We should point that sort of learning behaviour out more often if we want to be sen as adding something to business/learning thinking.

Isn't that the job we get paid to do?

Yours rebelliously.

Bruce

Bruce Graham

I seem to remember Steve Flowers and I bantered around this, and suggested that a better way of thinking was not to look at "volume-based" thinking any more, but to try and move to "learning-based" measurement.

To do this, you would need to ensure that e.g. Scenes, or even slides in scenes, or perhaps even concepts in slides in scenes had markers associated  to them, and that the learnig objectives of the course consisted of aggregations of these.

That way, in some whizzy programming way, you could say "You have now completed x% of the learning objectivs within this course".

I think this is a much better paradigm in which to think, and in fact, is the basis of the way that I try and construct my hub-menu based courses.

I think this is certainly the way things are going, learning-based, not "volume-based".

Quite a scary change for many people, especially the Institutes and Certifying bodies who still insist that the measurement of success is someone completing "X hours of learning..." !!!!

Bruce

Steve Flowers

One of the things I like about Storyline are all the ways it lets you skin the cat. So, if you need page numbers for a particular client there's a way to pull it off. 

Check out the example file here. This involves manual update of quite a few variables but it's not hard to do and doesn't take a heap of time.

http://community.articulate.com/forums/p/13541/83370.aspx#83370

I think some type of visual indication of the journey is really helpful. Whether thats a row of circles that show hollow or full or a grid of colored squares that "check off" as you succeed in the journey. Lots of options

Steve Flowers

But, yeah... I think "increments of accomplishment" are a more real and meaningful measure than pages in and pages to go. Breaking things down into increments of activity and mapping those to the completion indicators is an idiomatic way to deal with progress info (it may feel uncomfortable at first but once you see how it works "it clicks")

vinayak kadam

Guys,

Bruce, Steve and Gerry....thanks a lot for discussing this thread which I updated yesterday. It's really been a very informative sesion in last few hours and I would pick up a few lines from all of you and put them hard on my client.....lets see if he agrees and updates himself.....

Thanks once again.....This is going to help others a lot!

Margharita Nehme

Bruce Graham said:

Don't get me wrong - I use a "hub" menu that changes states based on completion, but there's just no "Page Numbers".

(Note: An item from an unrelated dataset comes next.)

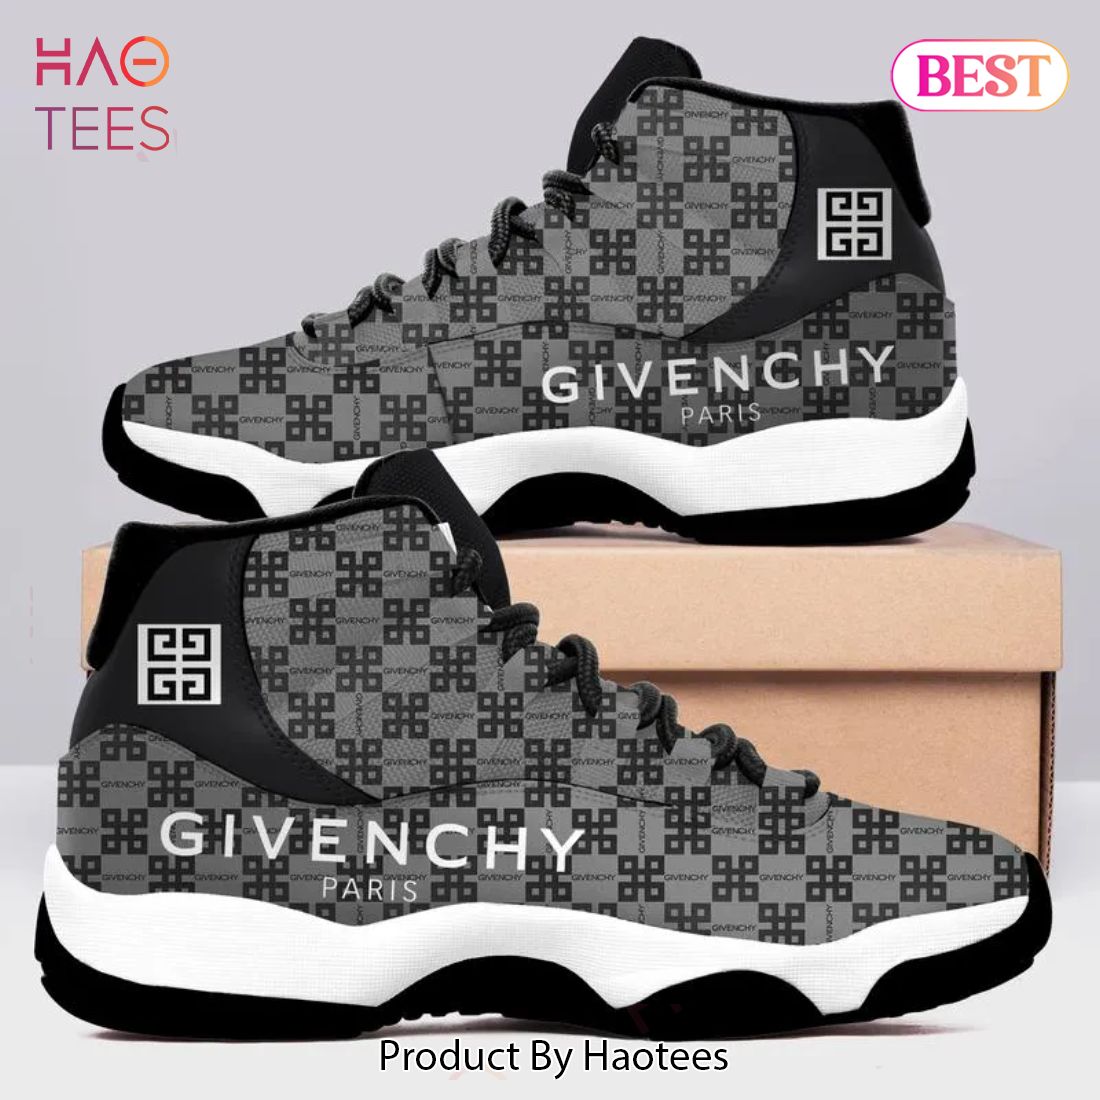 [NEW FASHION] Givenchy Paris Air Jordan 11 Sneakers Shoes Hot 2023 Gifts For Men Women

I just do not "get" thinking of a course like a book now that we are in an age when pretty much anyone can now design and build a course that's more like a programme, website or piece of AI.

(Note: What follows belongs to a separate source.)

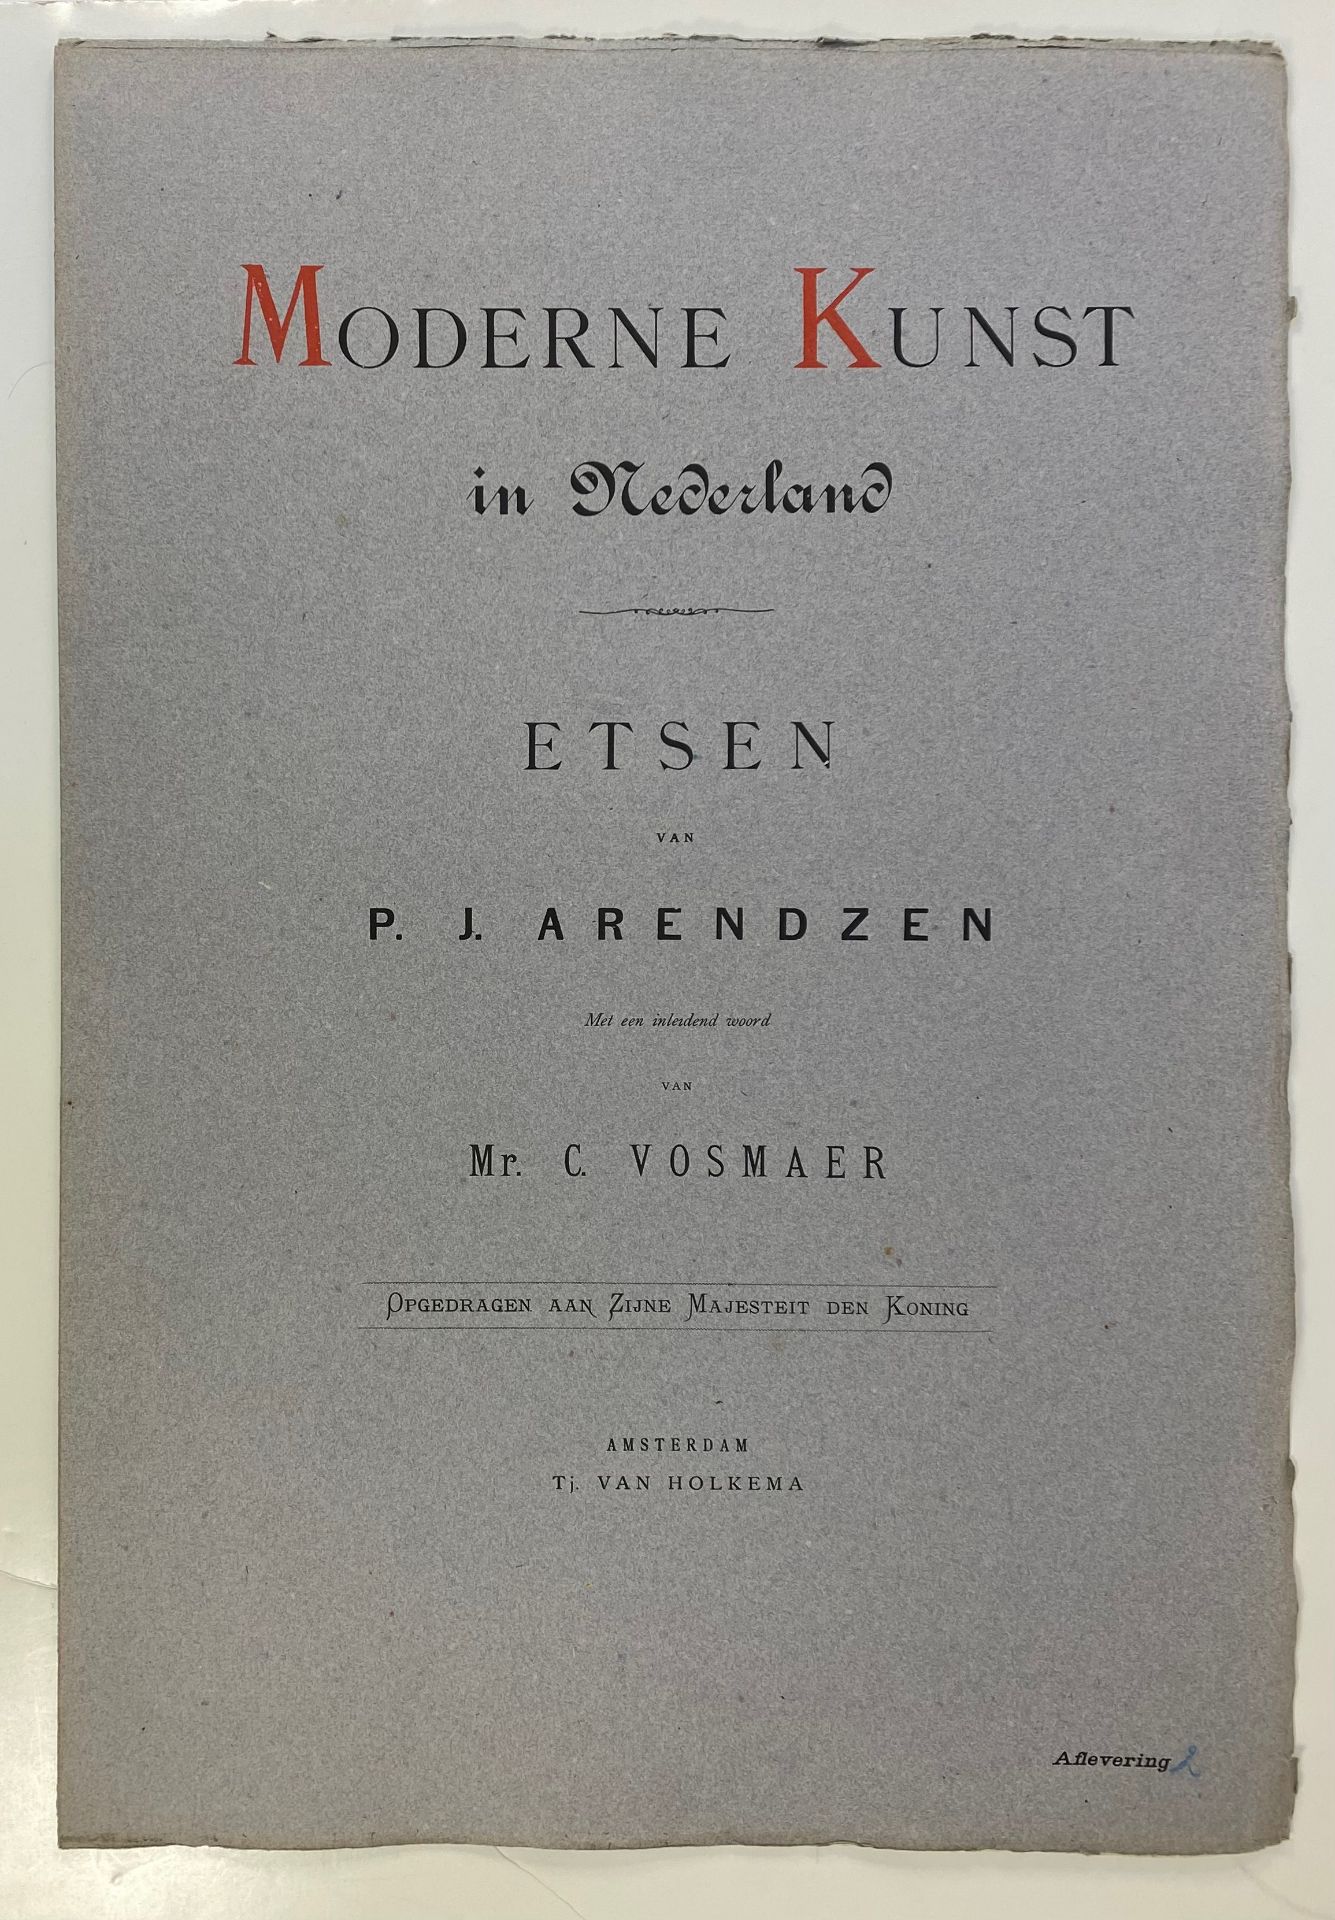 MODERNE KUNST in Nederland. Etsen van P.J. Arendzen. Introd. C. Vosmaer. Tekst
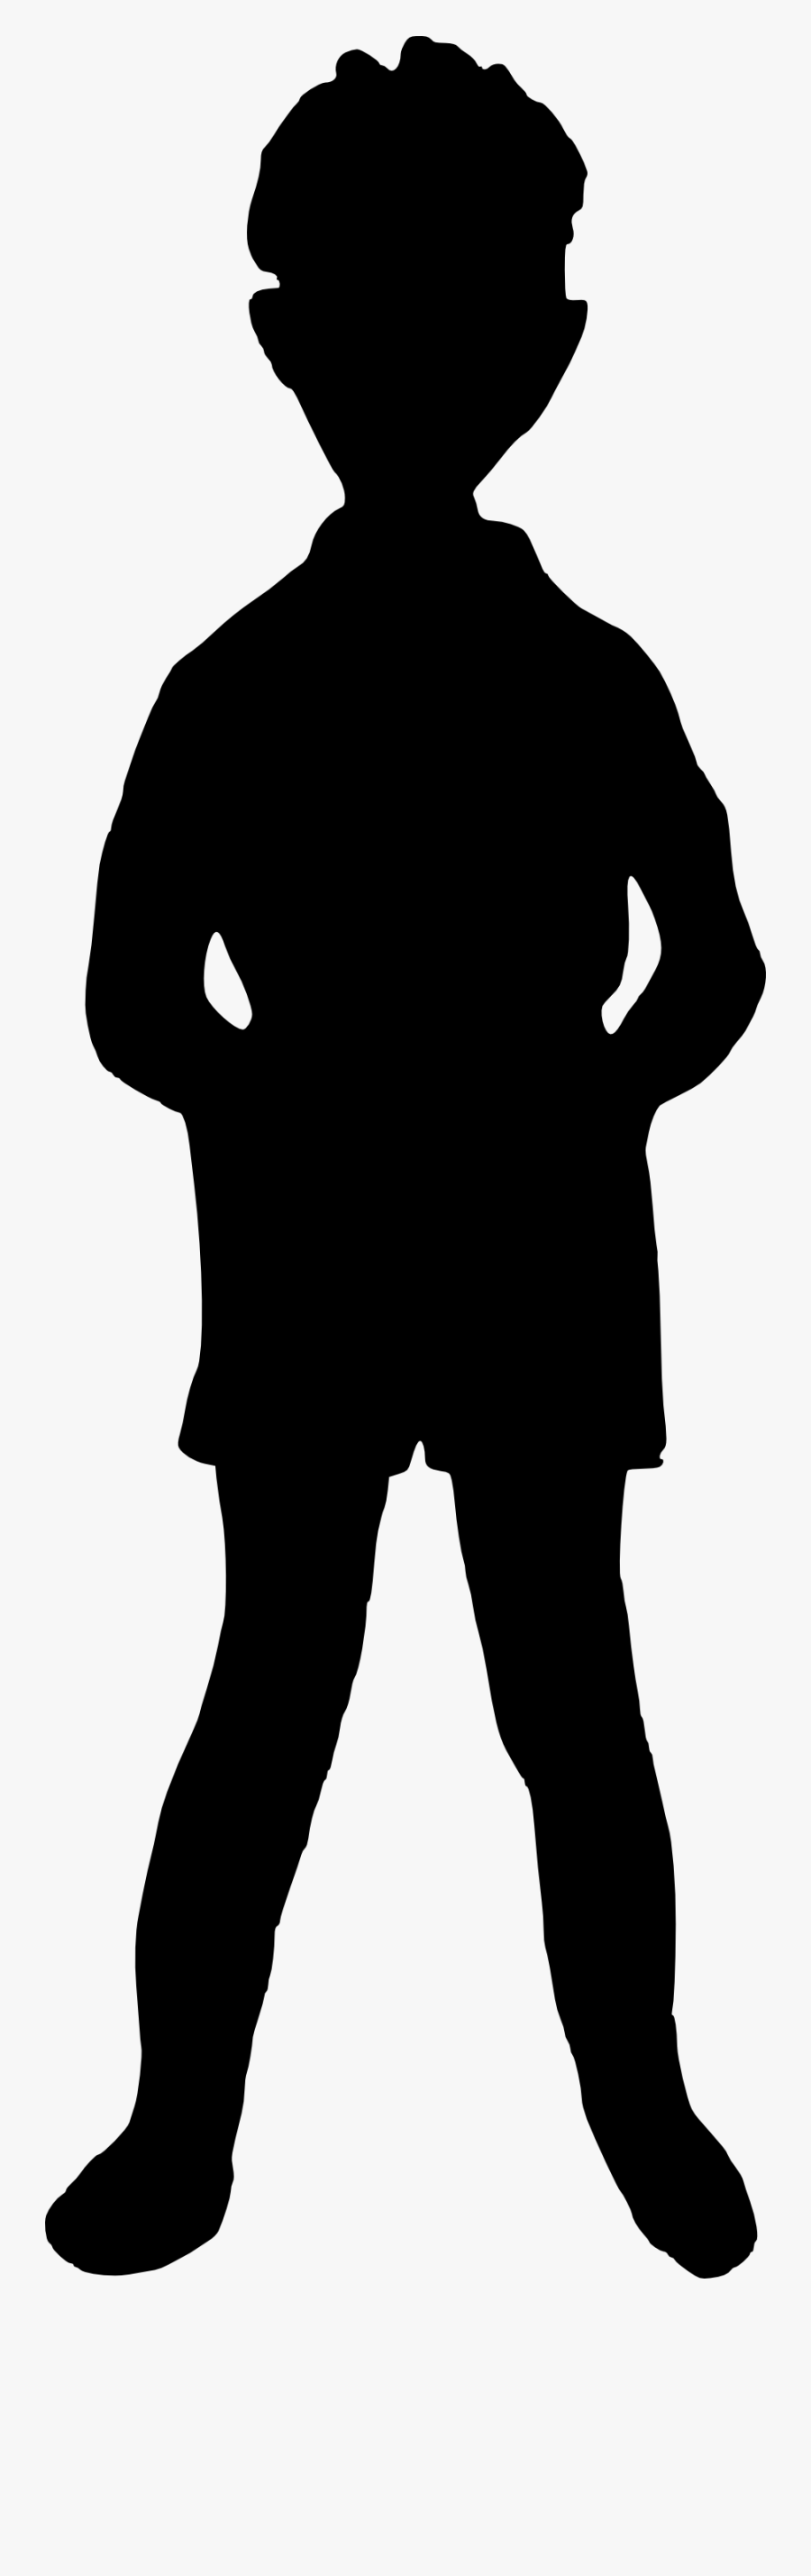 8 Boy Silhouette - Boy Silhouette Transparent Background, Transparent Clipart

Would you expect Amazon to have page numbers? Why should a course? Amazon uses categories, and breadcrumb indicators, and Departments, and Featured Categories. Sticking religiously to page numbers as a default is, in my own humble and oft challenged opinion, lazy thinking.

We should point that sort of learning behaviour out more often if we want to be sen as adding something to business/learning thinking.

Isn't that the job we get paid to do?

Yours rebelliously.

Bruce


Bruce, could you elaborate on your hub menu? Sounds like a great idea, (if you don't mind sharing that is ;o))

Thanks

Matt Mayer

HelloBruce,

Fully agree with you on the page numbers etc.

However being in the aviation industry and being regulated andscrutinized by Transport Canada and the FAA we are currently mandated toinclude page numbers on all pages for standards and compliancy documentationpurposes. Until TC and the FDA fully understand that online LMS Courses are nolonger linear, and for a new method for page documentation to be record, wemust abide by such standards or face certain penalties.